24 апреля, Ереван, Армения

Город был тих и спокоен. Порой доносился детский смех и одиночные сигналы проезжающих автомобилей. Люди старались говорить мало, а если что-то и обсуждали, то негромко – не привлекая внимания. Молодой армянский студент Давид Миторян, обогнув площадь Франции, опустевшую от звуков, остановился у памятника Араму Хачатуряну и поздоровался. Нет, он не был безумен, разве что это легкое помешательство было от сильной любви к родине и настоящим героям, которые с детства вдохновляли его. Давид, невообразимо долго искавший работу и на днях бросивший эту, как он полагал, идиотскую затею, наконец решил всецело посвятить время себе и изучению чего-то действительно полезного для ума и души. Постояв пару минут, он продолжил шагать, переходя проспект Саят-Новы в сторону сквера имени Комитаса. Это было его излюбленное место, чтобы молча сидеть и собирать мысли в кучу, читать и иногда даже петь. Давиду нравилось наблюдать за реакцией прохожих, когда он резко затягивал нечто очень знакомое многим. Всегда находился хотя бы один, кто подпевал ему, и это означало, что еще жива память. «А это – самое главное», – думал он.
Вокруг застывшего образа величайшего гения расположились скамьи, одну из которых и выбрал для себя Давид. Присев, он посмотрел на опечаленное и усталое лицо увековеченного – отдыхающего Комитаса.
– Здравствуй и ты, Согомон-джан, – промолвил он, чем заставил улыбнуться сидящую на соседней лавочке старушку.

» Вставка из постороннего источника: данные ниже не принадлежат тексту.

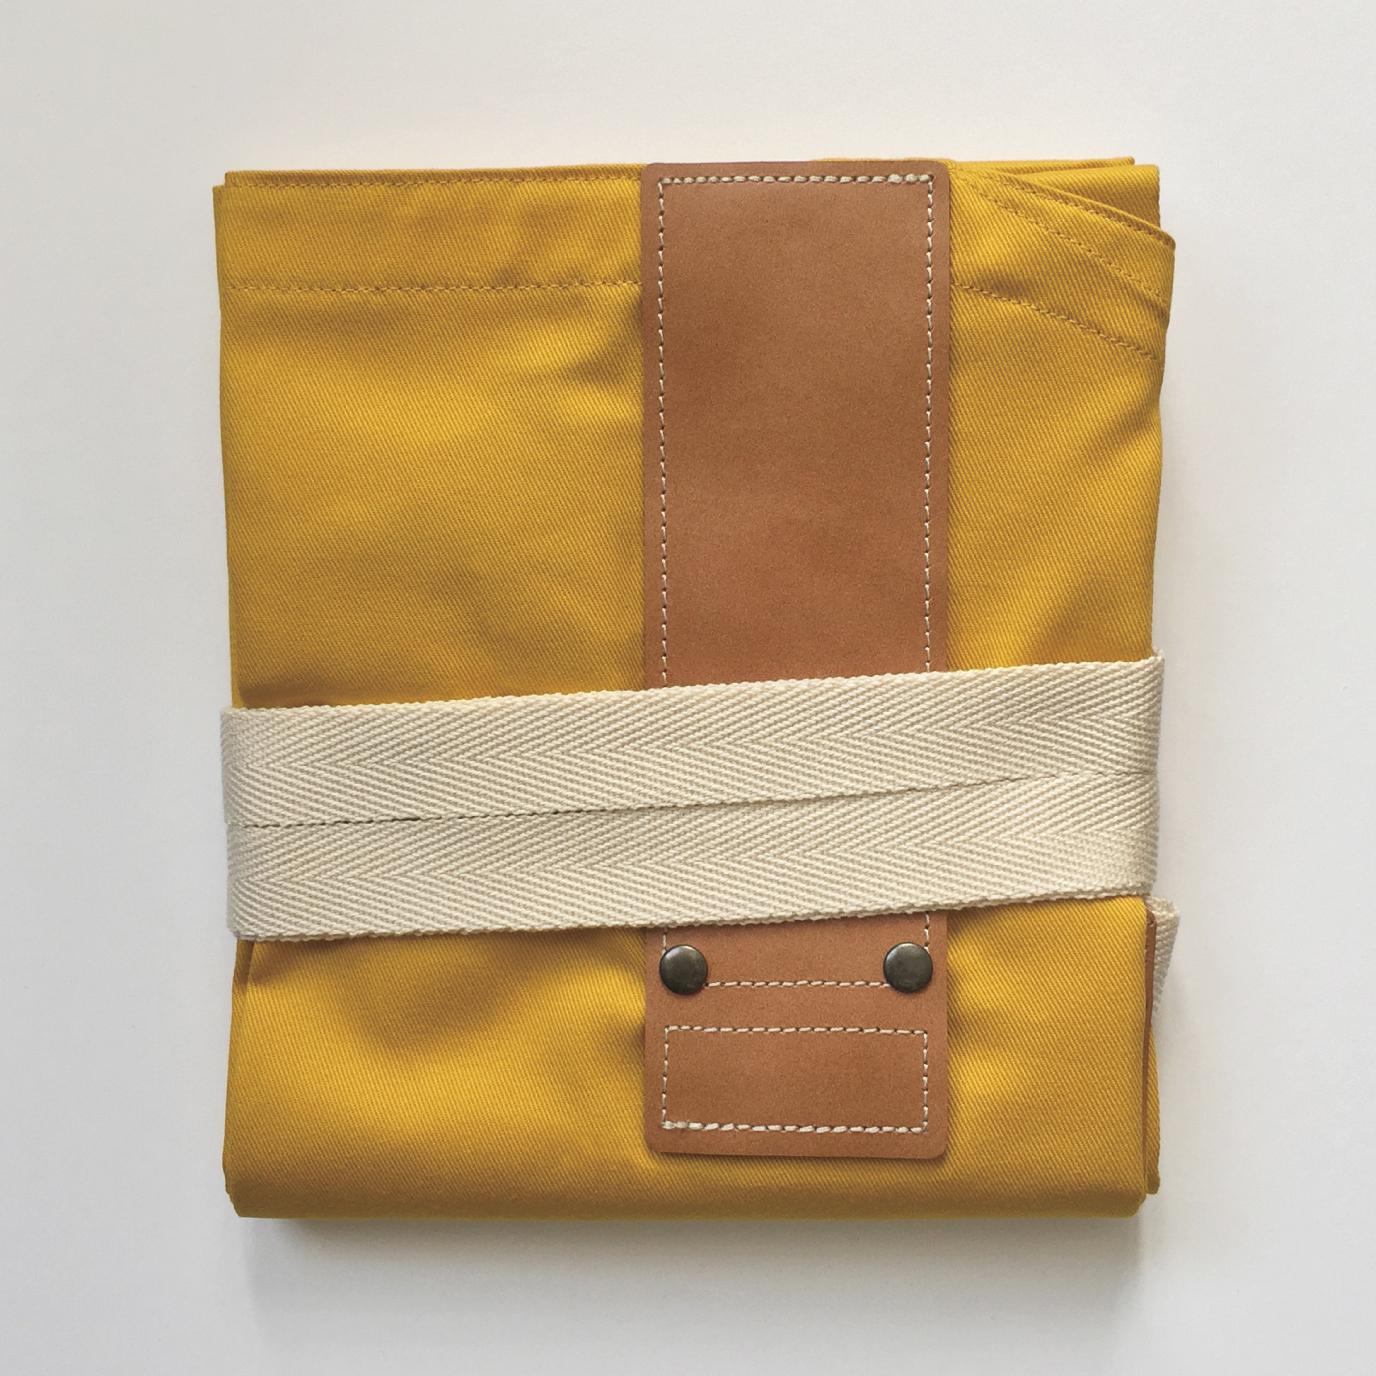 MUSTARDxBROWN HASHIRA-JYU mitten pocket set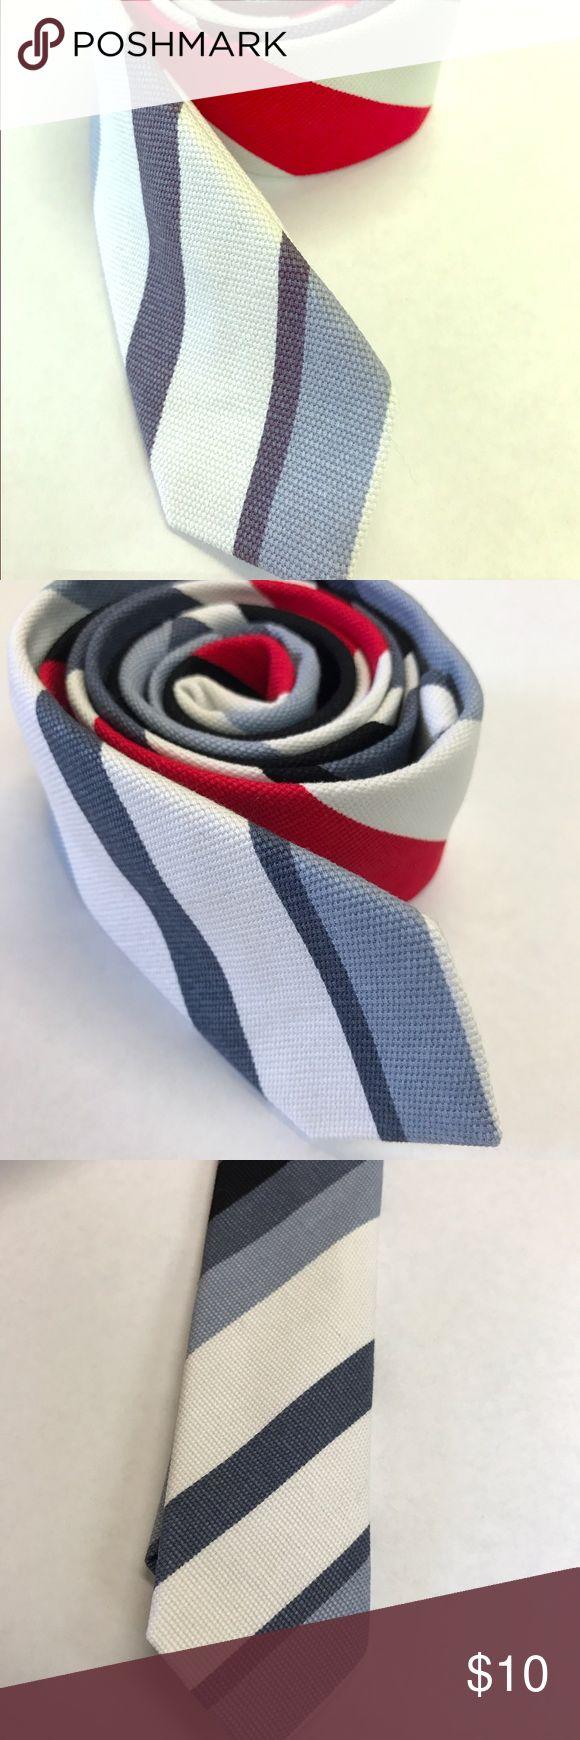 Ultra Thin Skinny Neck Tie Necktie Stripped Gray Great trendy ultra thin skinny necktie! Unbranded Accessories Ties

Весна уже полностью вступила в свои права, деньки становились все теплее, в сквере зеленела молодая трава, которая к маю обещала стать сочной. На деревьях колыхалась голодная до солнца листва. Все это навевало мысли о постоянной цикличности и начале новой жизни, особенно остро это ощущалось после буквально на днях наступившей Пасхи.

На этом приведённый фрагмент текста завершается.